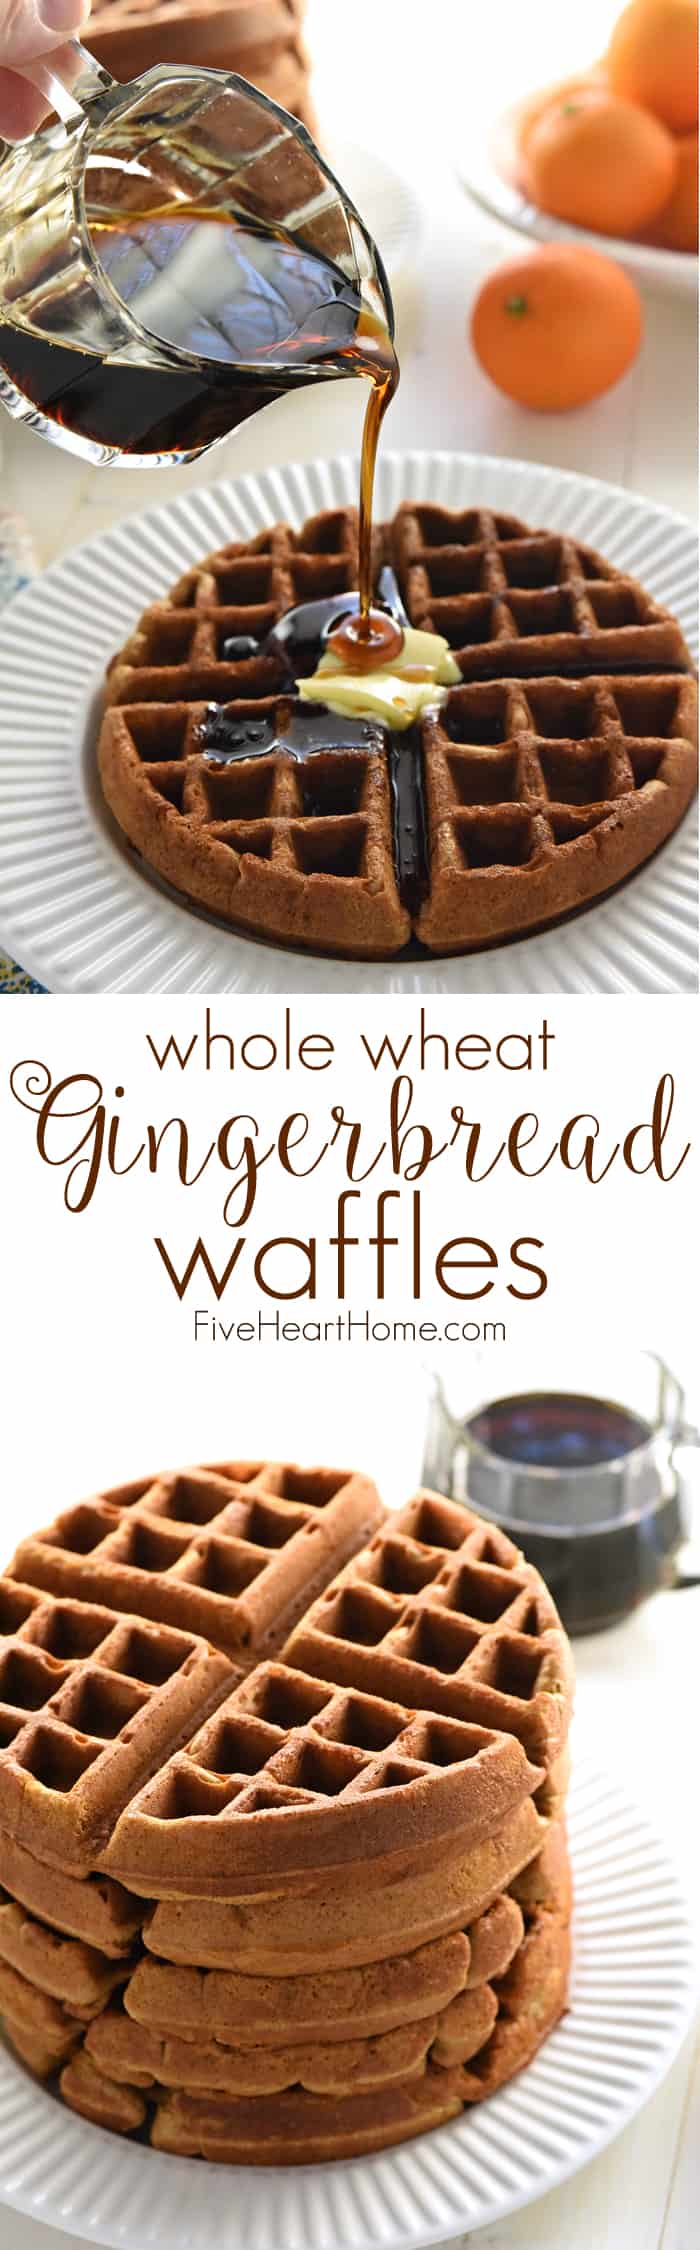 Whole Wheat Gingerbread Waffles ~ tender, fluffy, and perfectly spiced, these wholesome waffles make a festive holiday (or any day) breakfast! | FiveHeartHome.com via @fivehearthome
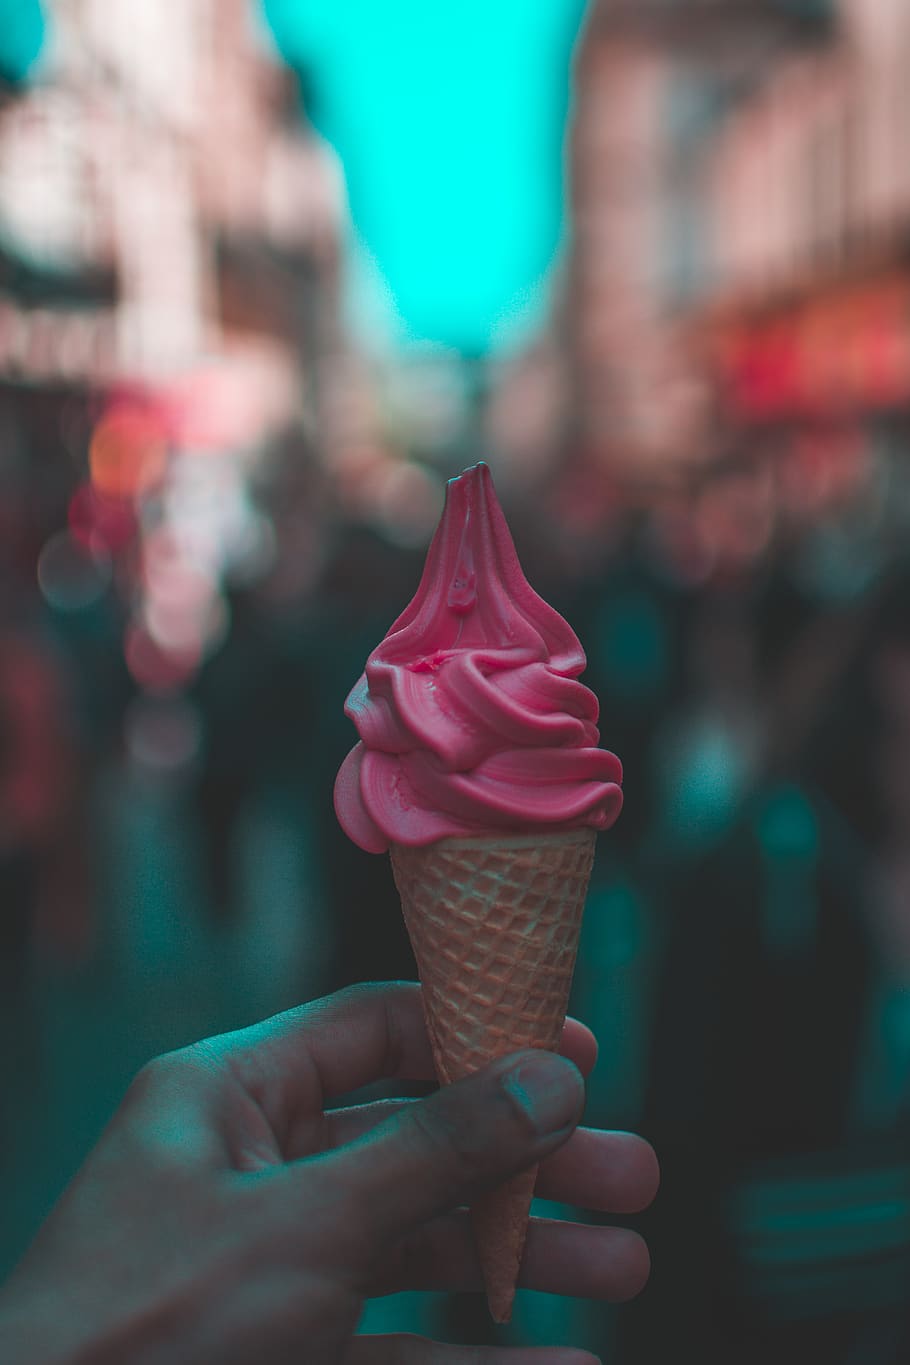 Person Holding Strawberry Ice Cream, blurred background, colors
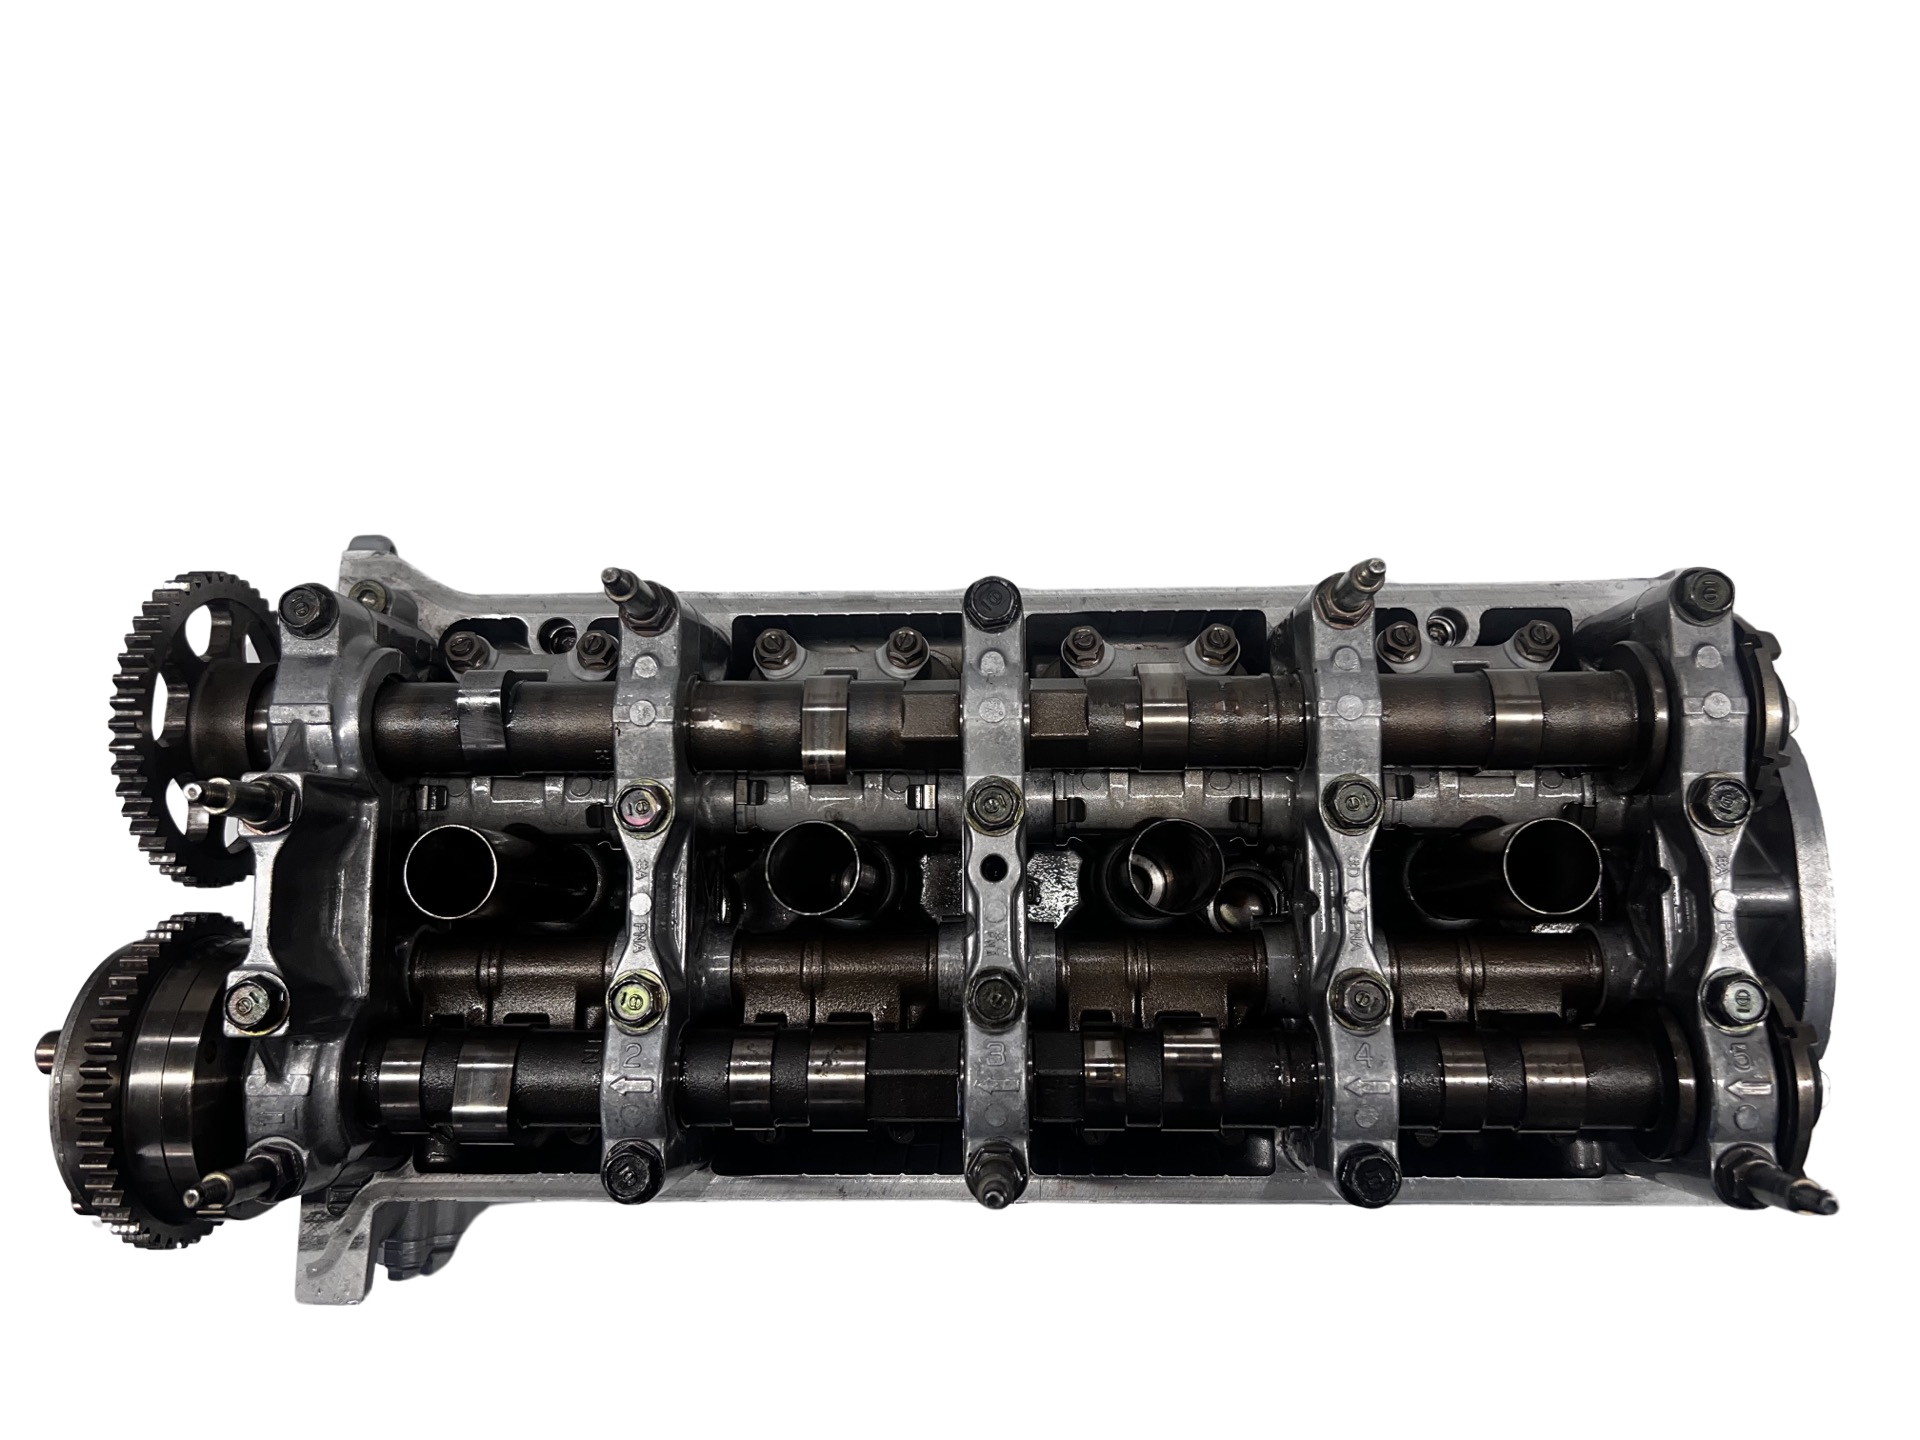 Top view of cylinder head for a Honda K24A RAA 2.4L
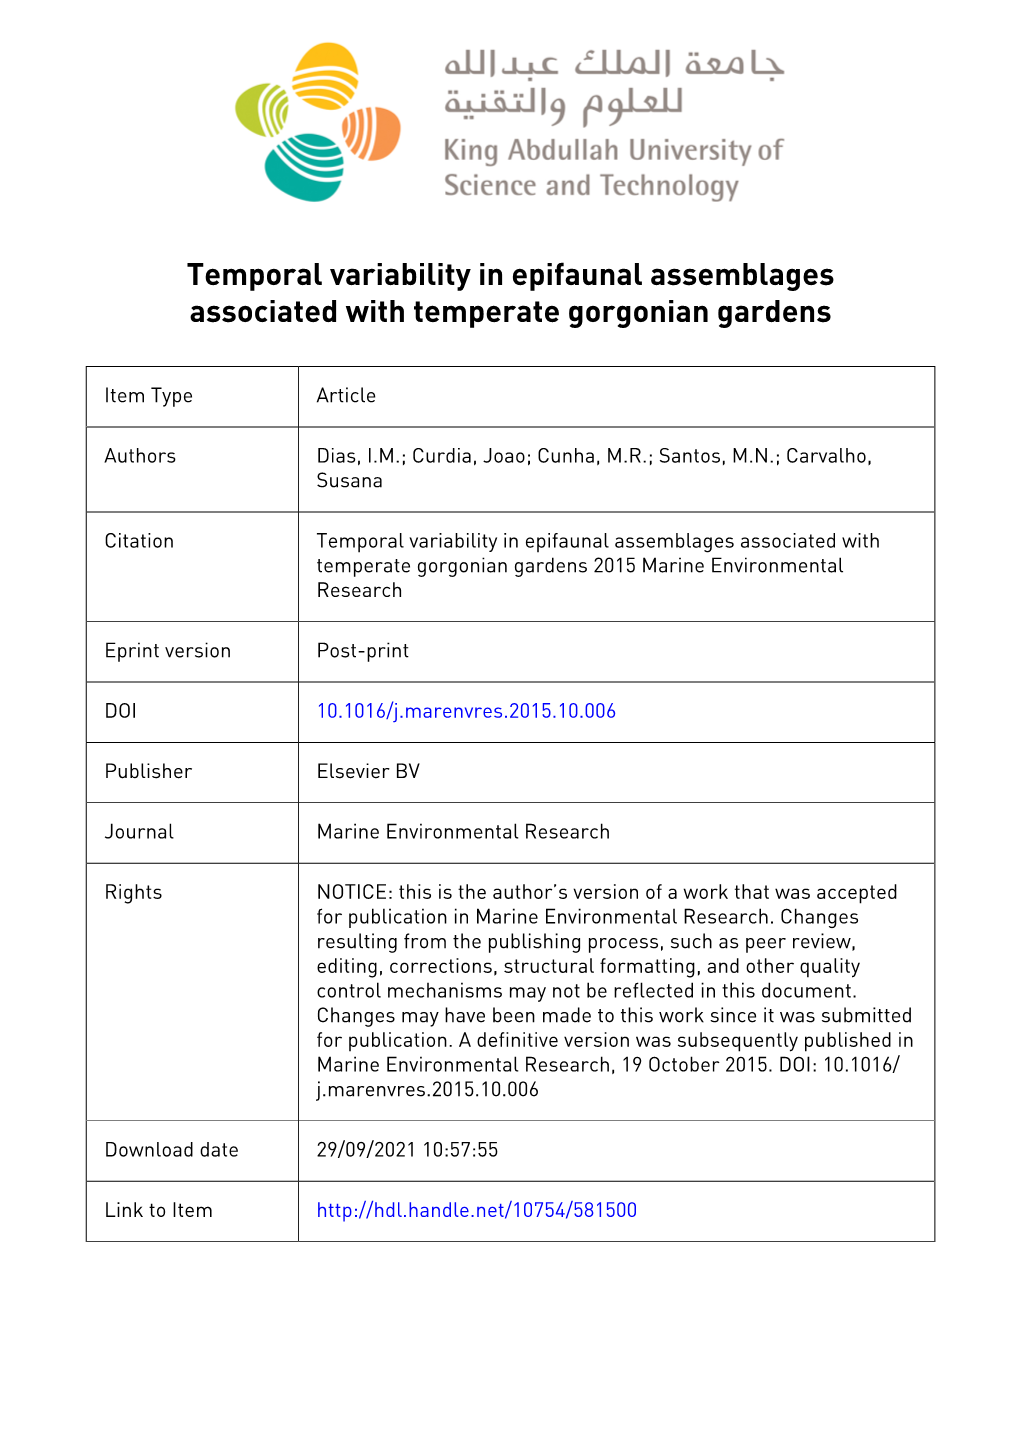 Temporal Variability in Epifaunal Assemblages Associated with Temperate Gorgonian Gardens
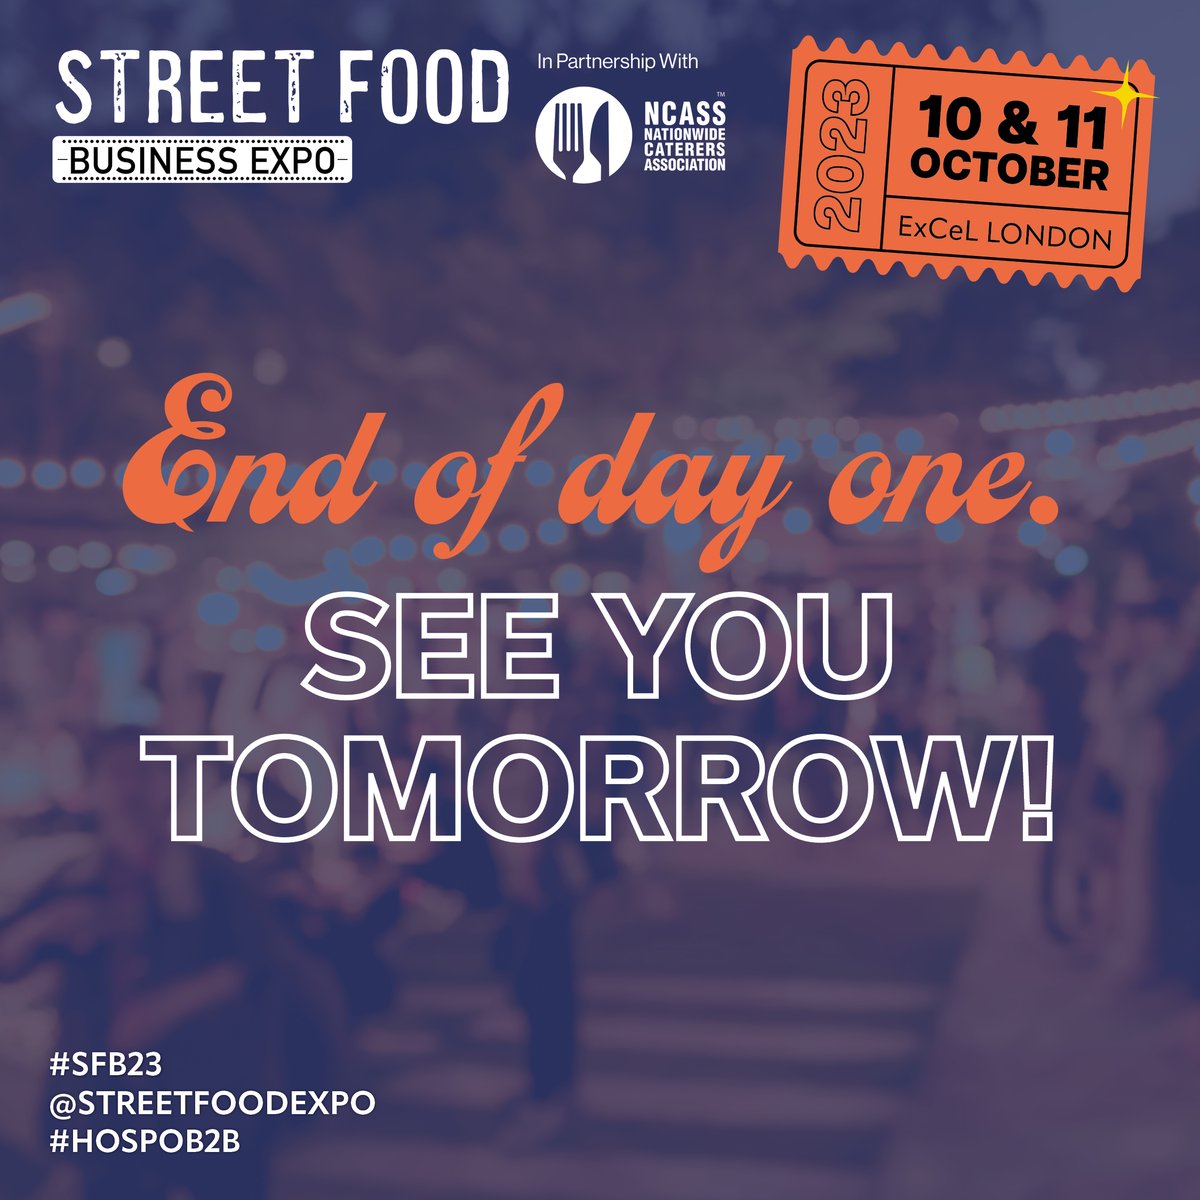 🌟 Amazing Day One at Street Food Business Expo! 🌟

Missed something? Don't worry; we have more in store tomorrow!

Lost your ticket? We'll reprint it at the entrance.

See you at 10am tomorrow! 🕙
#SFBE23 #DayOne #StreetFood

■ ■ ■ ■

TASK → Consider the entries above and return each line with the string "tomorrow".

WRITTEN SOLUTION →
Missed something? Don't worry; we have more in store tomorrow!
See you at 10am tomorrow! 🕙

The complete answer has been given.